▶ **SOURCE MATERIAL**:
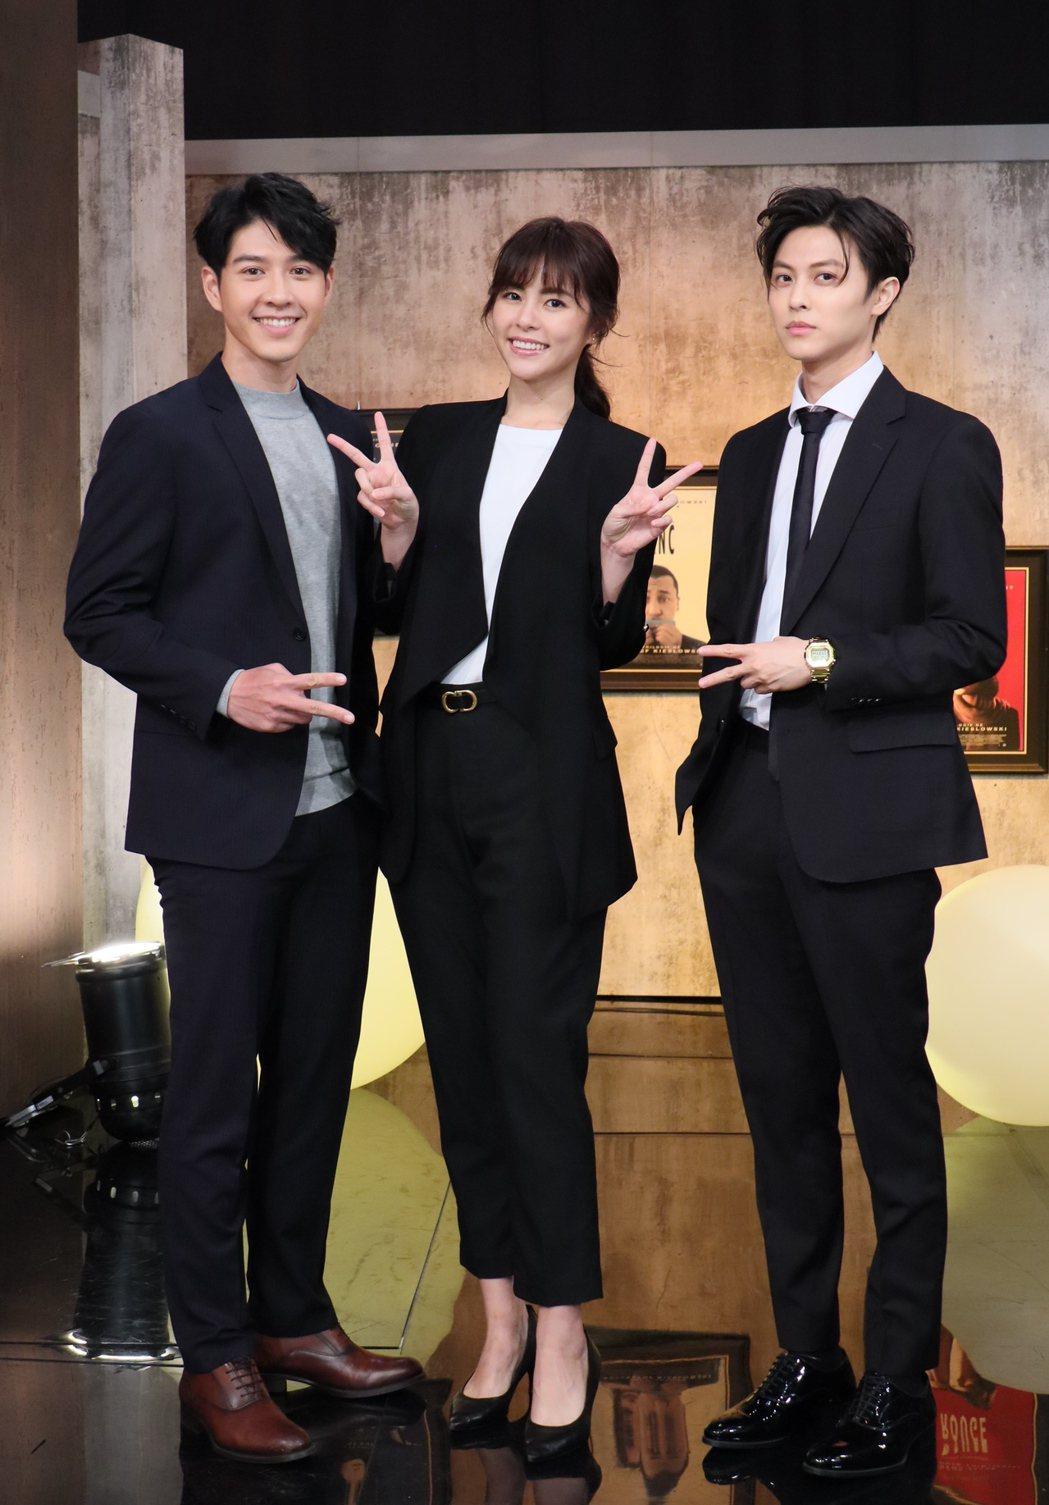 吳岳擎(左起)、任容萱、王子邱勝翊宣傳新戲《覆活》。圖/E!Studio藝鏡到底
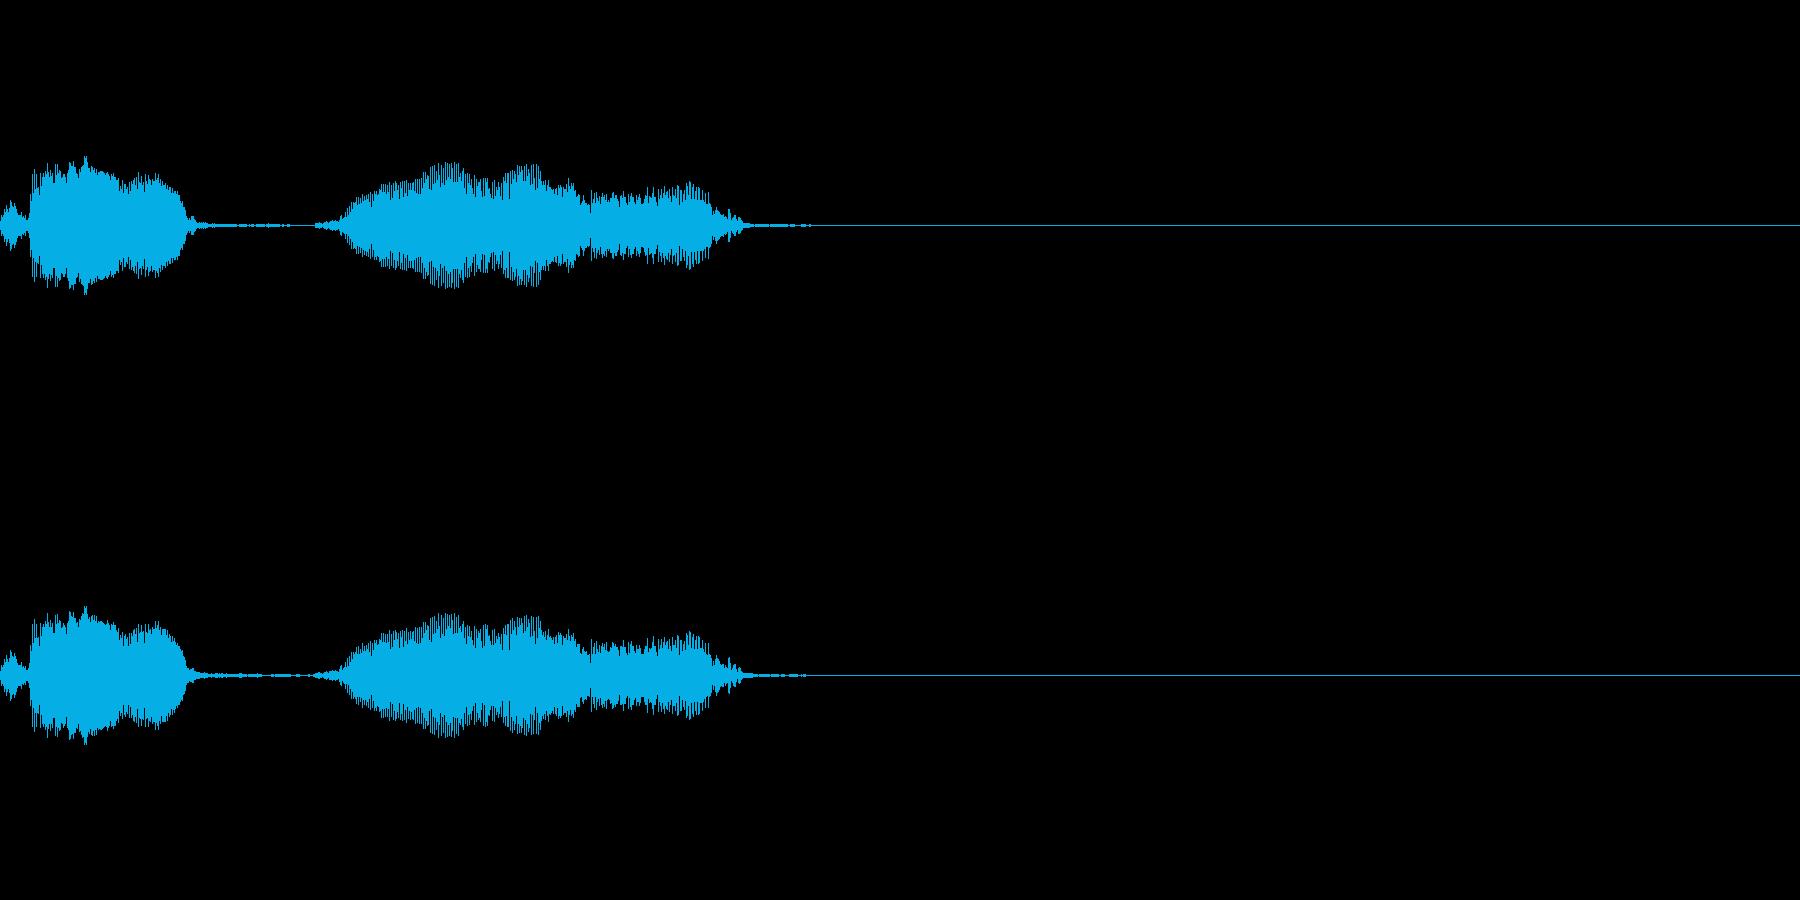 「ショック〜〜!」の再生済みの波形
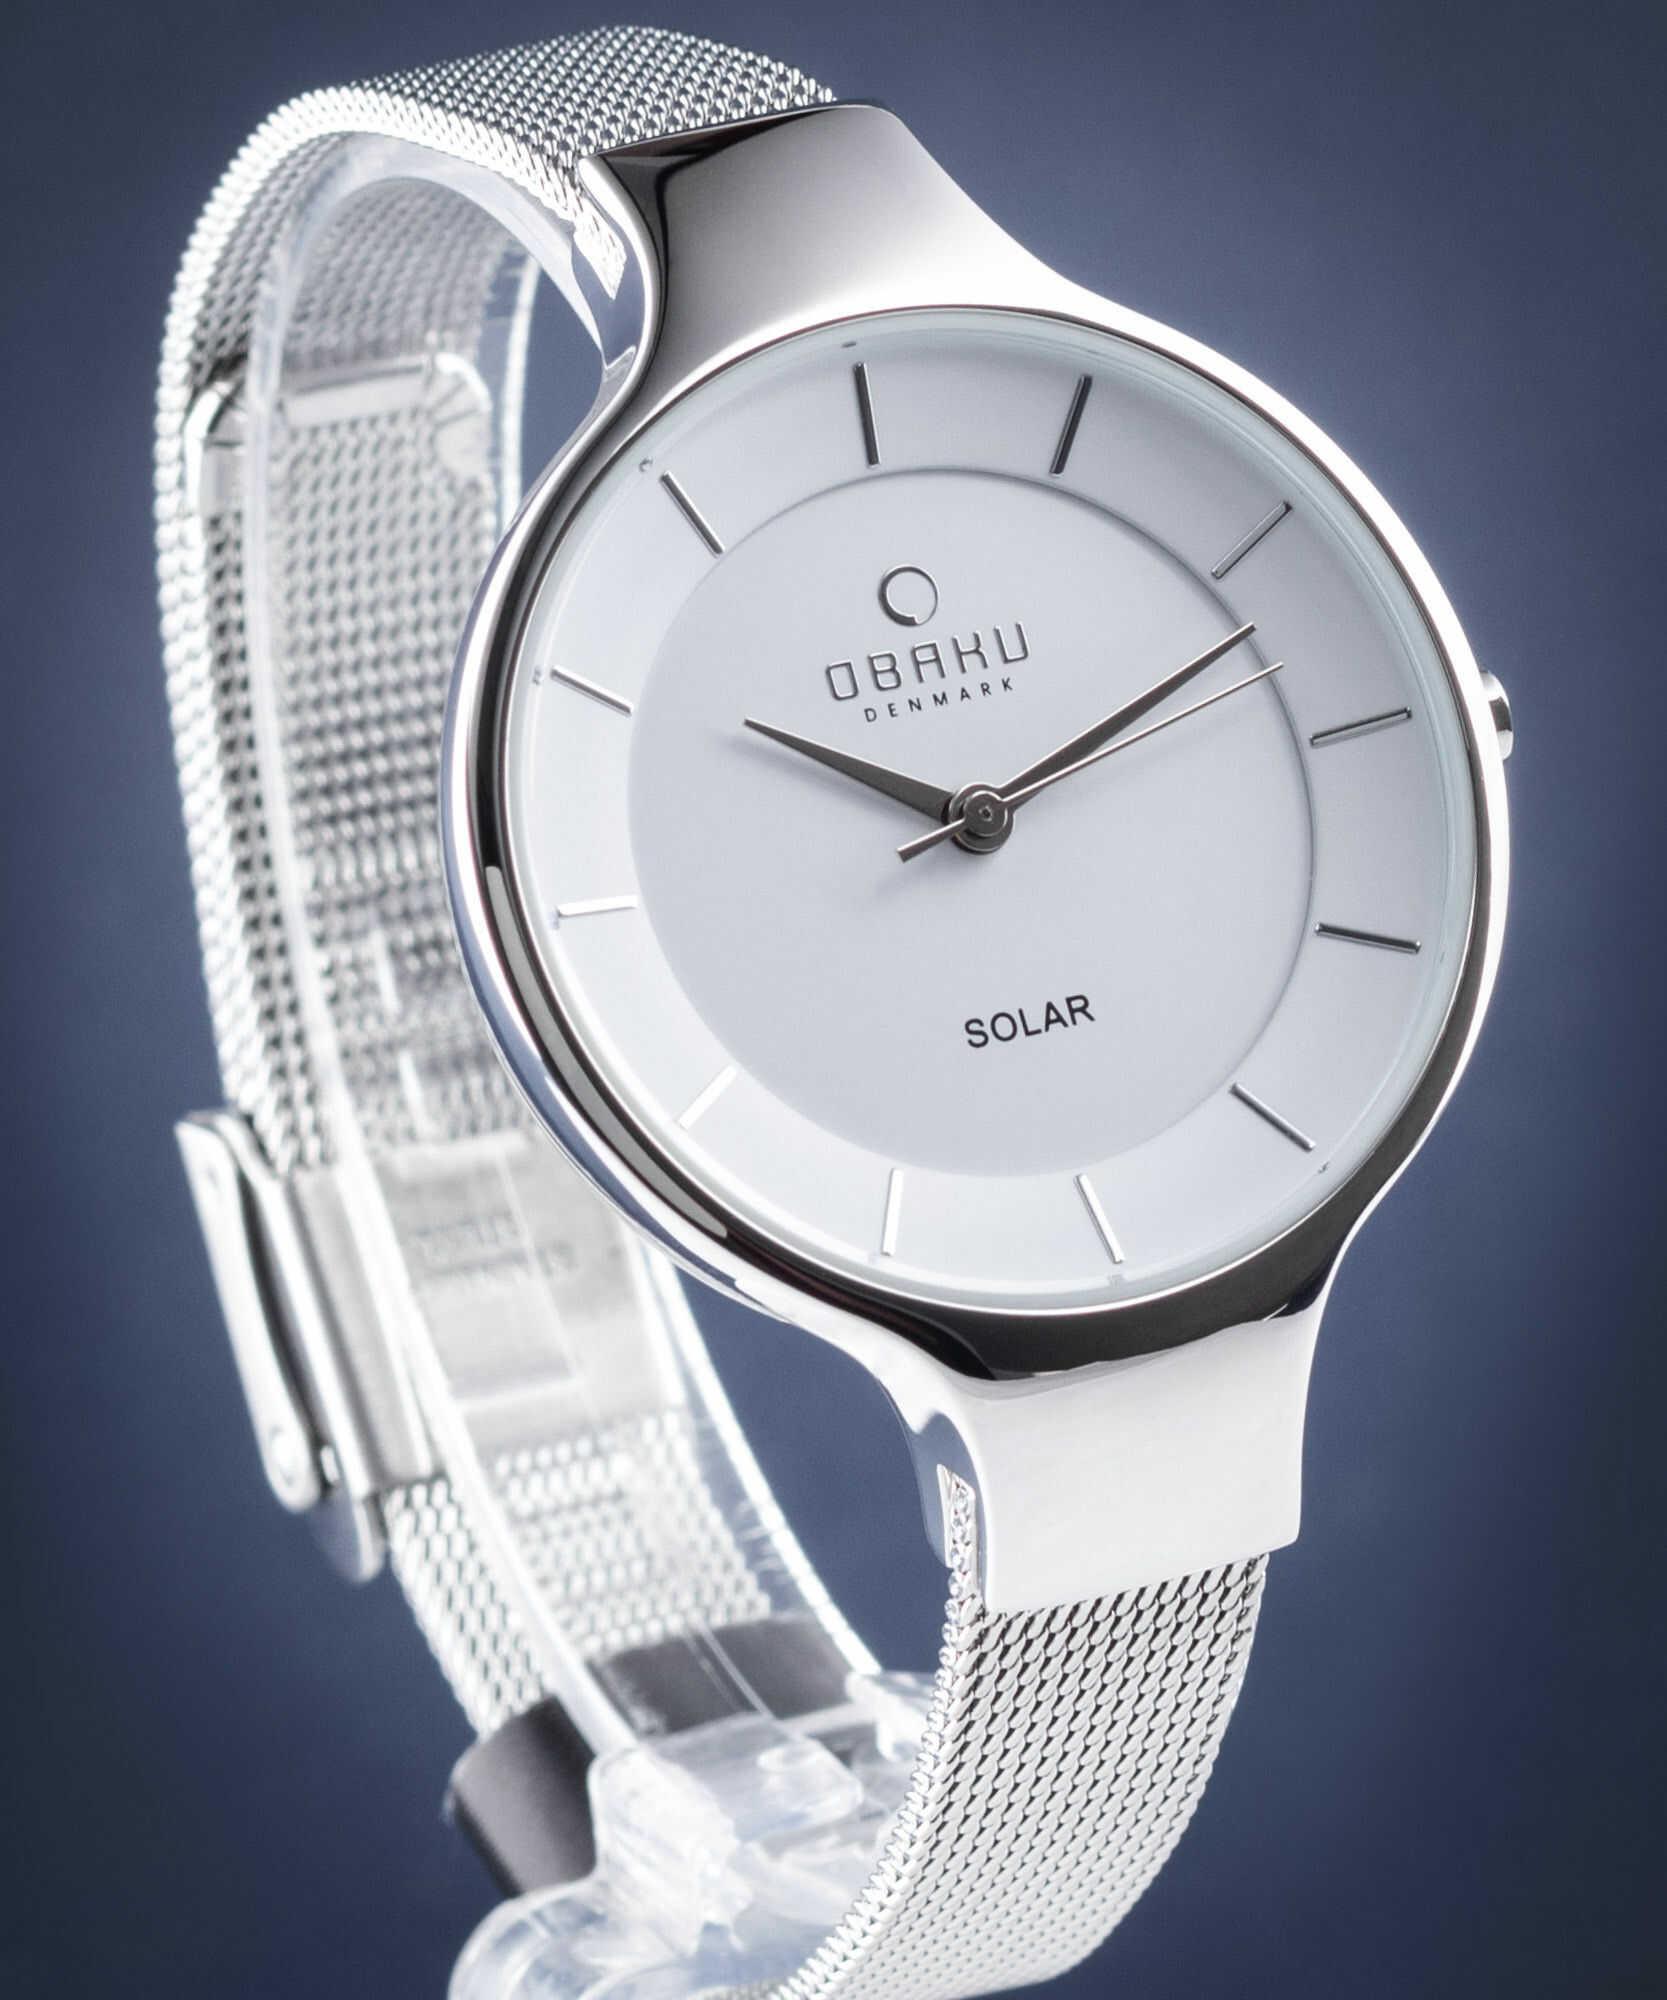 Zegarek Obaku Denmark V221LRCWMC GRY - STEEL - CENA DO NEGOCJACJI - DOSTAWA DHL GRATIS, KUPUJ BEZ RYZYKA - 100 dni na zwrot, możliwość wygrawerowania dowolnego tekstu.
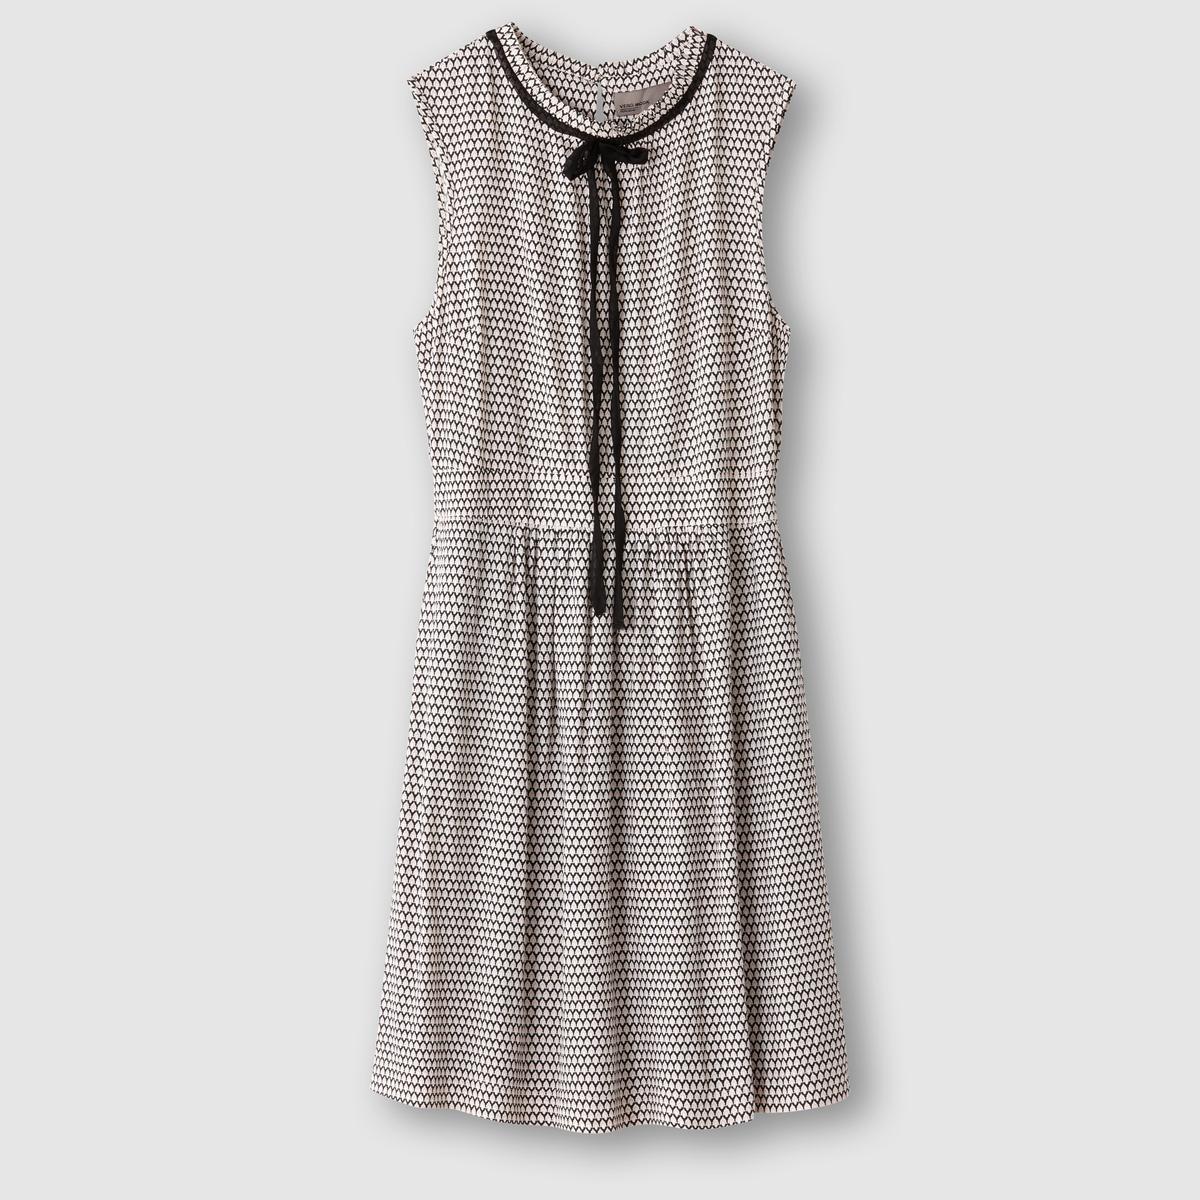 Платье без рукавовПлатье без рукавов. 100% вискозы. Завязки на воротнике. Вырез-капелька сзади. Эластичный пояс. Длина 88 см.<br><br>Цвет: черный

▶ **WHAT YOU HAVE TO DO**: Reproduce word for word the lines from the one containing "Zegarek Obaku Denmark" through the end of the data, both ends kept. Drop the pictures.

▶ **YOUR RESPONSE**:
 Zegarek Obaku Denmark V221LRCWMC GRY - STEEL - CENA DO NEGOCJACJI - DOSTAWA DHL GRATIS, KUPUJ BEZ RYZYKA - 100 dni na zwrot, możliwość wygrawerowania dowolnego tekstu.
 Платье без рукавовПлатье без рукавов. 100% вискозы. Завязки на воротнике. Вырез-капелька сзади. Эластичный пояс. Длина 88 см.<br><br>Цвет: черный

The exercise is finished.